Disclaimer This edited version has been archived due to the length of time since original publication. It should not be regarded as indicative of the ATO's current views. The law may have changed since original publication, and views in the edited version may also be affected by subsequent precedents and new approaches to the application of the law. You cannot rely on this record in your tax affairs. It is not binding and provides you with no protection (including from any underpaid tax, penalty or interest). In addition, this record is not an authority for the purposes of establishing a reasonably arguable position for you to apply to your own circumstances. For more information on the status of edited versions of private advice and reasons we publish them, see PS LA 2008/4. |
Edited version of your private ruling
Authorisation Number: 1012483591768
Ruling
Subject: Foreign income
Questions and answers
1. Are you liable for tax in Australia on any of your foreign income which comes from employment paid to you as a visiting academic by your country X employer?
No.
2. Are you liable for tax in Australia on any of your foreign income which comes from rental income on a property you part own in the country X?
No.
3. Are any reimbursements made to you within Australia by your host institution for travel expenses, food, accommodation and incidentals liable for tax?
No.
This ruling applies for the following periods:
Year ending 30 June 2013
Year ending 30 June 2014
Year ending 30 June 2015
The scheme commenced on:
1 July 2012
Relevant facts and circumstances
You are a citizen of country X.
You are a temporary resident.
You are visiting Australia on a visiting academic visa valid for 2 years.

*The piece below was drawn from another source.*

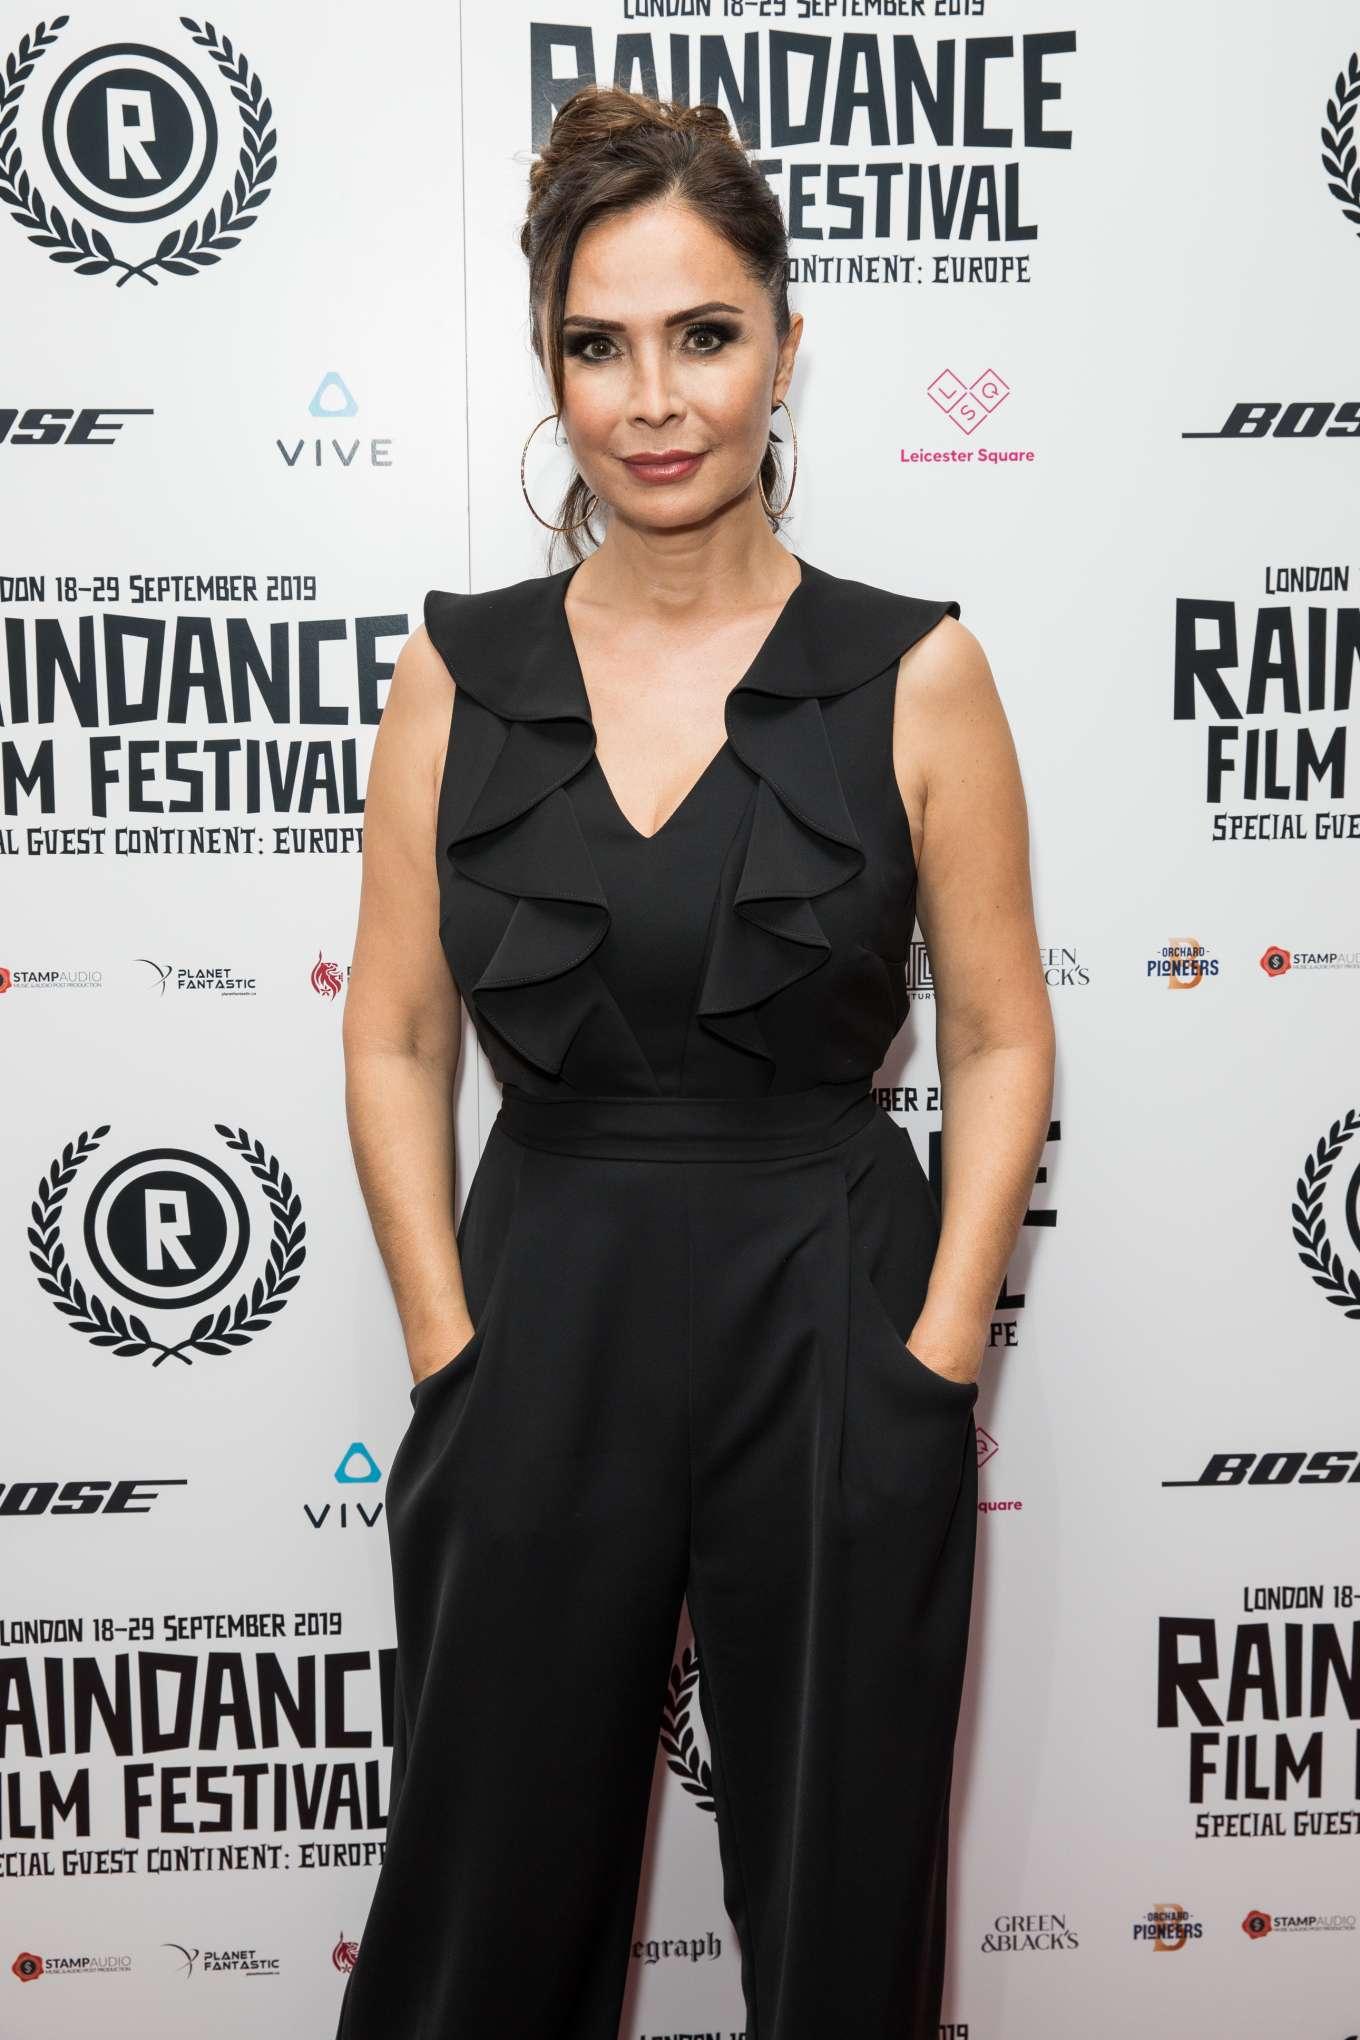 Talisa Garcia - 'Vue West End' Premiere at Raindance Film Festival in London

Your visa states that you are not allowed to undertake any paid work while in Australia.
You are an Australian resident for tax purposes.
You became a temporary Australian resident solely for the purposes of performing your services as a visiting academic.
Your spouse and X children reside with you in Australia.
You are employed by a learning institution in Country X and seconded to an Australian learning institution.
You have rented out your residential property and receive rental income.
You may receive small reimbursements for expenses incurred for while undertaking research.
You are renting a home in Australia.
Relevant legislative provisions:
Income Tax Assessment Act 1997 Section 118-110.
Income Tax Assessment Act 1997 Subsection 118-145(2).
Income Tax Assessment Act 1997 Section 118-192.
Reasons for decision
Subsection 6-5(2) of the Income Tax Assessment Act 1997 (ITAA 1997) provides that the assessable income of a resident taxpayer includes ordinary income derived directly or indirectly from all sources, whether in or out of Australia, during the income year.
In determining liability to tax on Australian foreign sourced income received by a resident, it is necessary to consider not only the income tax laws but also any applicable tax treaty contained in the International Tax Agreements Act 1953 (the Agreements Act).
A double tax agreement provides that remuneration paid by the Country X Government or a political subdivision or local authority of that State to any individual in respect of services rendered in the discharge of governmental functions shall be taxable only in country X. However, such remuneration shall be taxable only in Australia if the services are rendered in Australia and the recipient is a resident of Australia who:
· is a citizen of Australia; or
· did not become a resident of Australia solely for the purposes of performing the services.
In your case, you are not a citizen of Australia. You receive the remuneration which is paid by the Government of country X through a learning institution and your services as a visiting academic are considered to be in the performance of governmental functions on behalf of country X. However, as you became a temporary resident of Australia solely for the purposes of performing the services, your salary is taxable only in country X and is not taxable in Australia.
Accordingly, your salary received from country X through the learning institution for services performed in Australia is not assessable under subsection 6-5(2) of the ITAA 1997.
Rental income
Rent is considered as income according to ordinary concepts and is therefore assessable under section 6-5 of the ITAA 1997. It is derived, for tax purposes, when it is received.
Individuals with visas who qualify as "temporary residents' are not assessable on most of their foreign sourced income, even if they qualify as residents under normal tax rules.
Foreign soured income derived by a temporary resident will be exempt under section 768-910 of the ITAA97. In your case the income you derive from your rental property is non-assessable non-exempt income
Reimbursements
Broadly, the definition of a fringe benefit in subsection 136(1) of the Fringe Benefits Tax Assessment Act 1986 (FBTAA) provides that a fringe benefit arises when:
(i) a benefit
(ii) is provided to an employee, or an associate of an employee
(iii) by the employer, an associate of the employer, or a third party under an arrangement involving either the employer, or an associate of the employer
(iv) in respect of the employment of the employee
(v) if the benefit is not one of the benefits listed in paragraphs (f) to (s) of the fringe benefit definition.
Reimbursements are a FBT, a fringe benefit is taxable in both Australia and country X the benefit will be taxable only in the country which would have the primary taxing right over that benefit if the value of the benefit were paid to the employee as ordinary employment income.
In your case country X has your primary taxing right over that benefit, therefore, the reimbursements for travel expenses, food, accommodation and incidentals are not taxable in Australia.